Promoting Backbone Hydrogen Bonding Interactions: Molecular Design Strategy to Combat Drug-Resistance

The underlying principle for our structure-based design of inhibitors to combat drug resistance involves maximizing an inhibitor’s active site interactions, particularly with backbone atoms from the S2 to S2’ subsites.^29,33,34 We have critically analyzed and compared various mutant HIV-1 protease X-ray structures with wild-type HIV-1 protease and observed that the active site backbone conformation of these mutant proteases is only distorted minimally compared to wild-type HIV-1 protease.^35,36 It is likely that the protease enzyme cannot significantly alter its active site backbone conformation without compromising its catalytic fitness and efficiency required for viral replication. Therefore, our “backbone binding” inhibitor design strategy to combat drug-resistance has evolved to maximize interactions including van der Waals interactions and hydrogen-bonding interactions with the active site of HIV-1 protease.^29,34 In principle, such an inhibitor would likely maintain these key interactions including hydrogen-bonds with the backbone atoms of protease mutants. As a consequence, the development of drug-resistant HIV-1 variants would be reduced as altering backbone conformation would lead to impaired proteolysis of the natural polyprotein substrates. Our simplified view is to design an inhibitor like a ‘molecular crab’ that would tightly grip the protein backbone and hold on to the enzyme active site.³⁴ HIV-1 protease is an aspartic acid protease. The active form of HIV-1 protease is a homodimer containing two catalytic aspartic acid residues in the active site. Our model for inhibitor design to combat drug resistance is shown in Figure 2.³³ An inhibitor would have a functional group that would mimic the transition-state of the scissile bond cleavage. Among many known transition-state mimetics, we selected (R)-hydroxyethylamine sulfonamide dipeptide isostere with a hydroxyl group with (R)-configuration to bind the catalytic aspartates.^28,37 The P1 and P1’ ligands would fill in the hydrophobic S1 and S2 subsites and P2 and P2’ ligands would interact with the S2 and S2’ subsites through robust hydrogen bonding interactions with the backbone atoms as well as van der Waals interactions with the residues.

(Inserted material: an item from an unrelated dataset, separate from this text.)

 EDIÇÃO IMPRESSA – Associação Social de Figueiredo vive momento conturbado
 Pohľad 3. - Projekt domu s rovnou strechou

Using our “backbone binding” design strategy, we have recently created a range of exceptionally potent HIV-1 protease inhibitors that incorporated polycyclic ethers as P2 ligands and heterocyclic sulfonamide derivatives as the P2’ ligands. These compounds have shown exceptional antiviral activity against a range of highly multidrug-resistant HIV-1 variants. Through X-ray structural studies and analysis of antiviral activity, we can corroborate our backbone binding molecular design strategy as a powerful design concept to combat drug resistance.^19,29,34

Cyclic Ether Templates from Natural products: Inhibitor Design Strategies to Mimic peptide bonds.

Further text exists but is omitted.